Electric vehicles and the automotive industry

Some accuse the major automakers of trying to postpone or prevent the mass production of electric cars. These critics allege that this stems from their being heavily financially invested in today's dominant power technology, the internal combustion engine. At one time during emissions reductions regulations GM produced over 1,100 of their EV1 models, 800 of which were made available through 3-year leases. Upon the expiration of EV1 leases, GM crushed them. The reason for the crushing is not clear, but has variously been attributed to (1) the auto industry's successful challenge to California law requiring zero emission vehicles or (2) a federal regulation requiring GM to produce and maintain spare parts for the few thousands EV1s. A [web site] tracks crushing of other electric vehicles. A movie on the subject was made in 2005-2006, entitled Who Killed the Electric Car? was released theatrically by Sony Pictures Classics in 2006. The film explores the roles of automobile makers, oil industry, the US government, batteries, hydrogen vehicles, and consumers, and each of their roles in limiting the deployment and adoption of this technology.

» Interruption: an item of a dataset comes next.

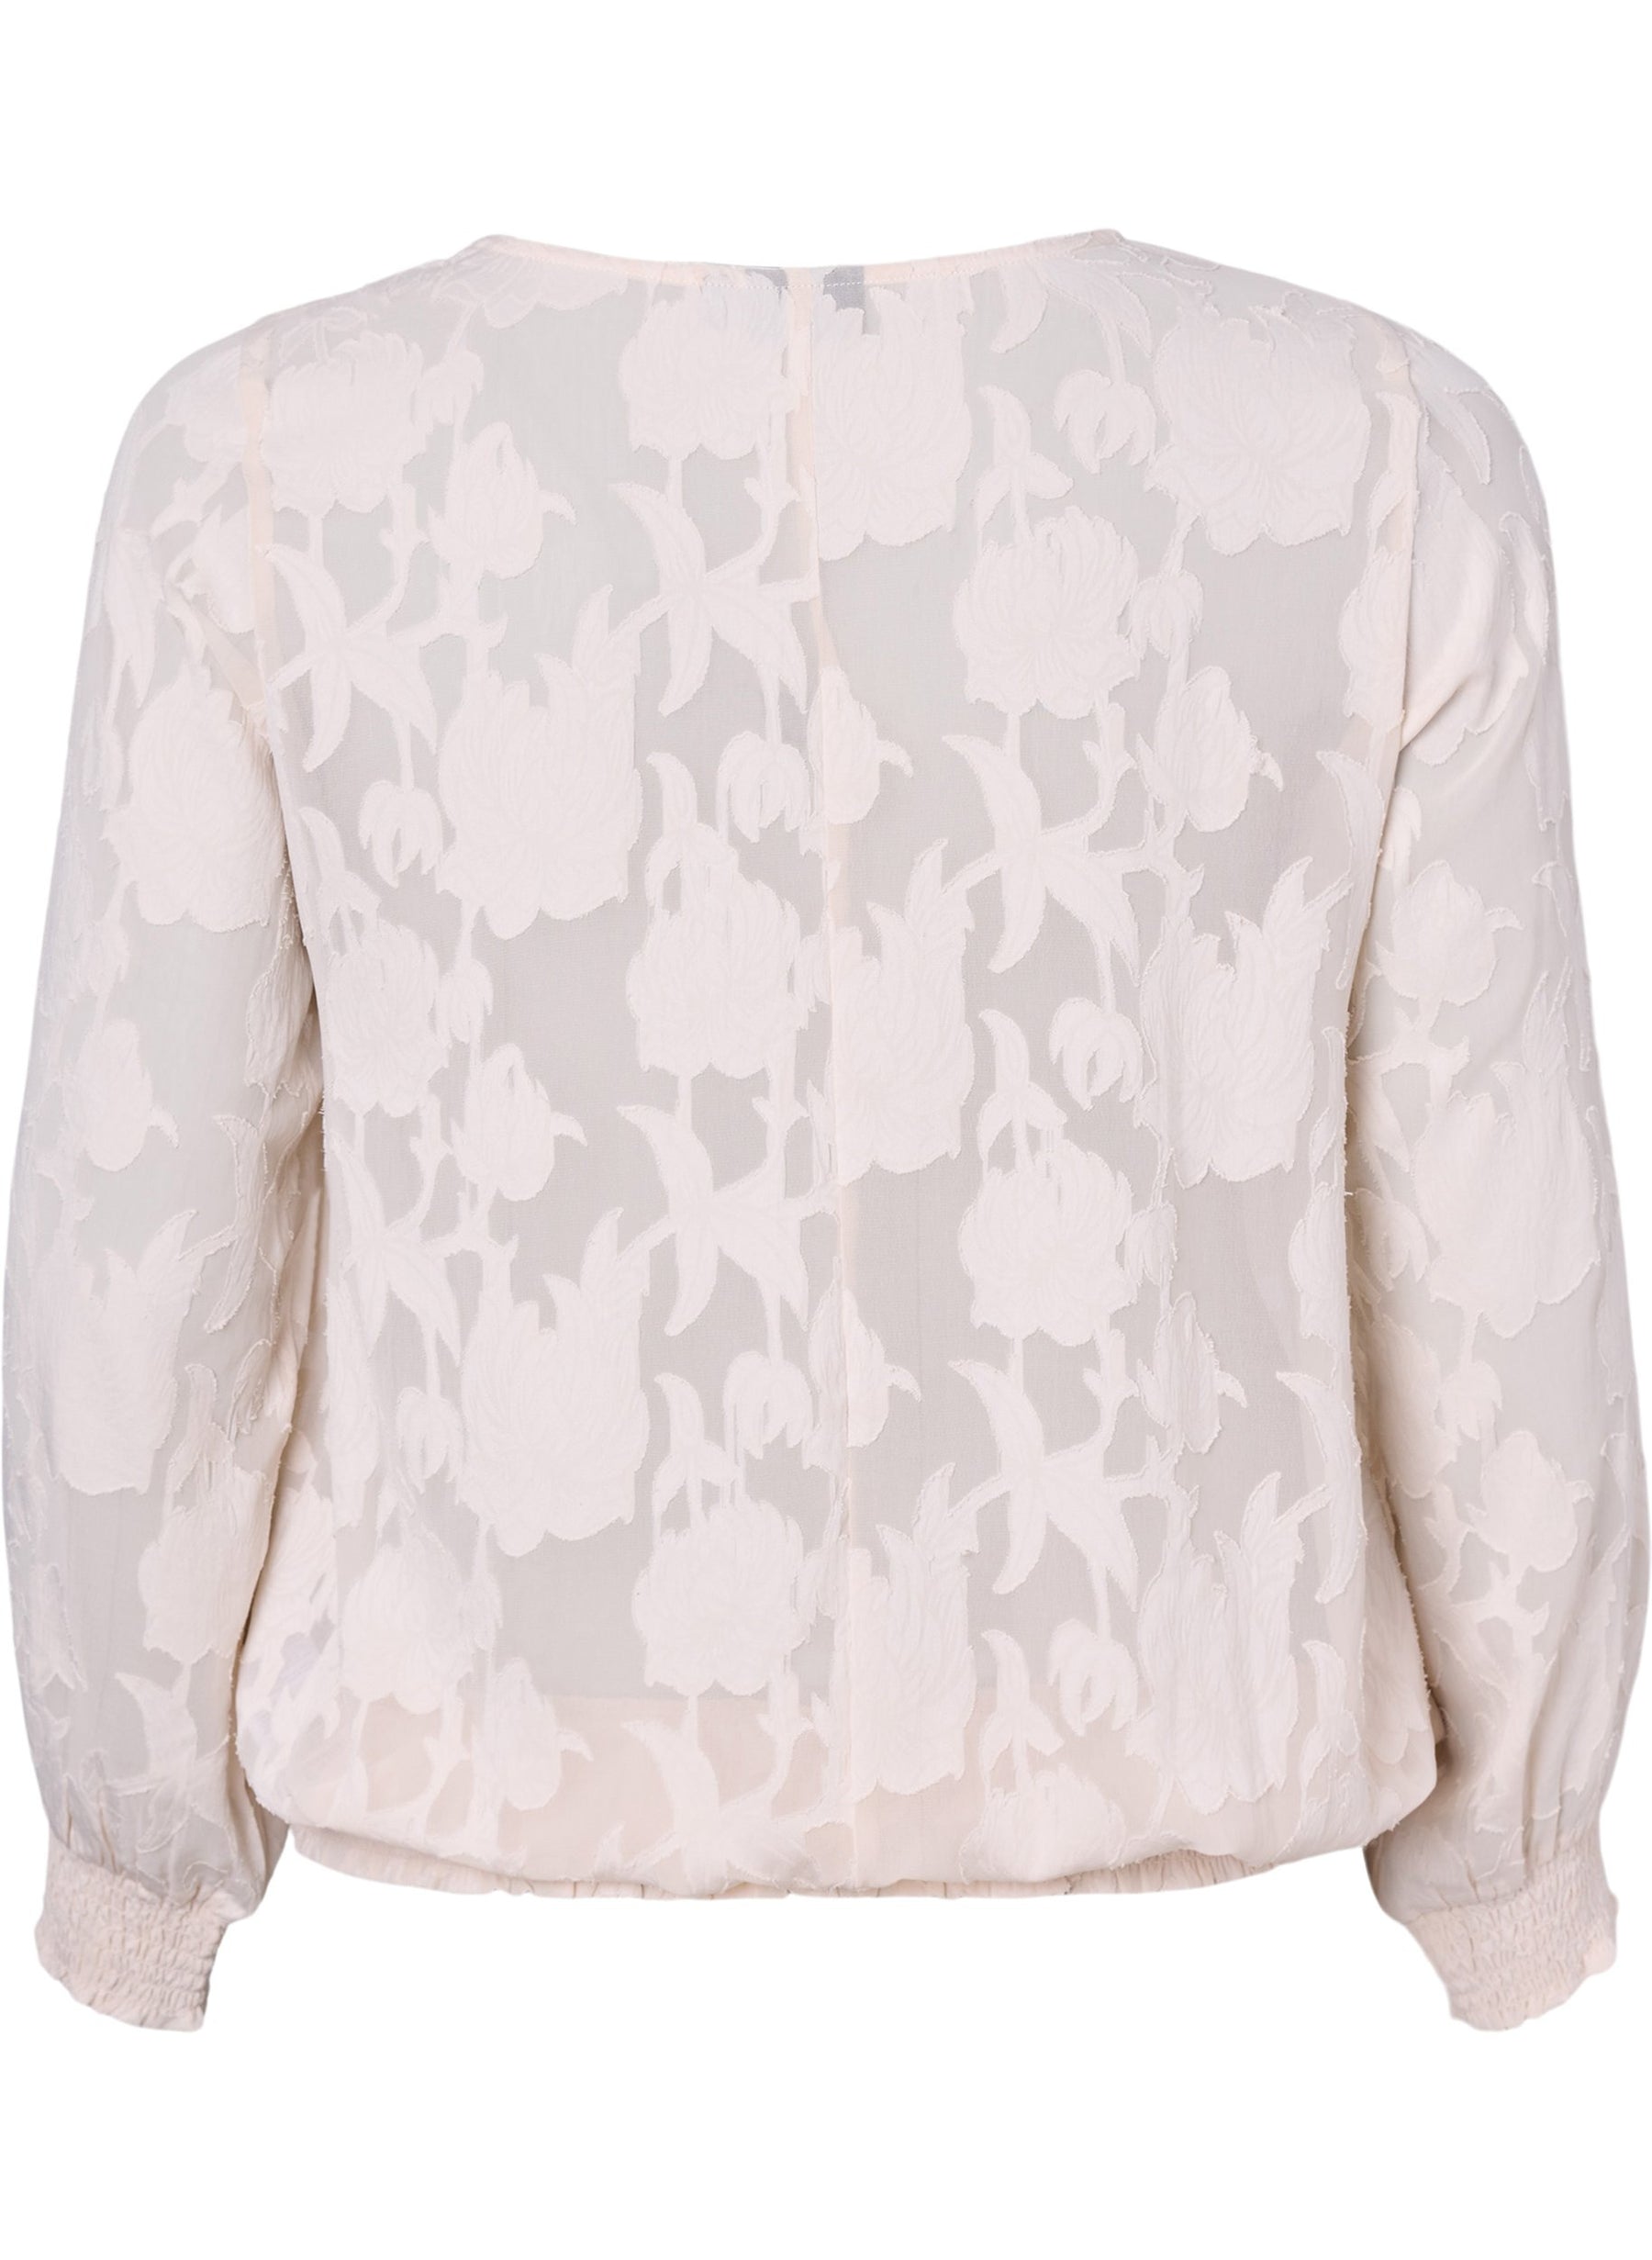 Zizzi Floral Smocked Blouse in Off White

The Benefits of Electric Vehicles

Electric vehicles have many benefits. One of these benefits is that owners of these cars will be avoiding the rising costs of gasoline. Instead they will be paying less by paying only for the electricity they need to recharge their batteries. Even though the power output and lifespan of batteries is not a great amount at this point, research is being done to boost the numbers of both of these things.

Furthermore, since the energy used by electric vehicles is generated at stationary sources, there is far more potential for the use of renewable energy for transportation. Electricity generated from wind, solar, and biomass energy could be used directly to power vehicles. This would be far more efficient than using energy converting biomass into ethanol, transporting it by tanker truck, and then burning it within an internal combustion engine.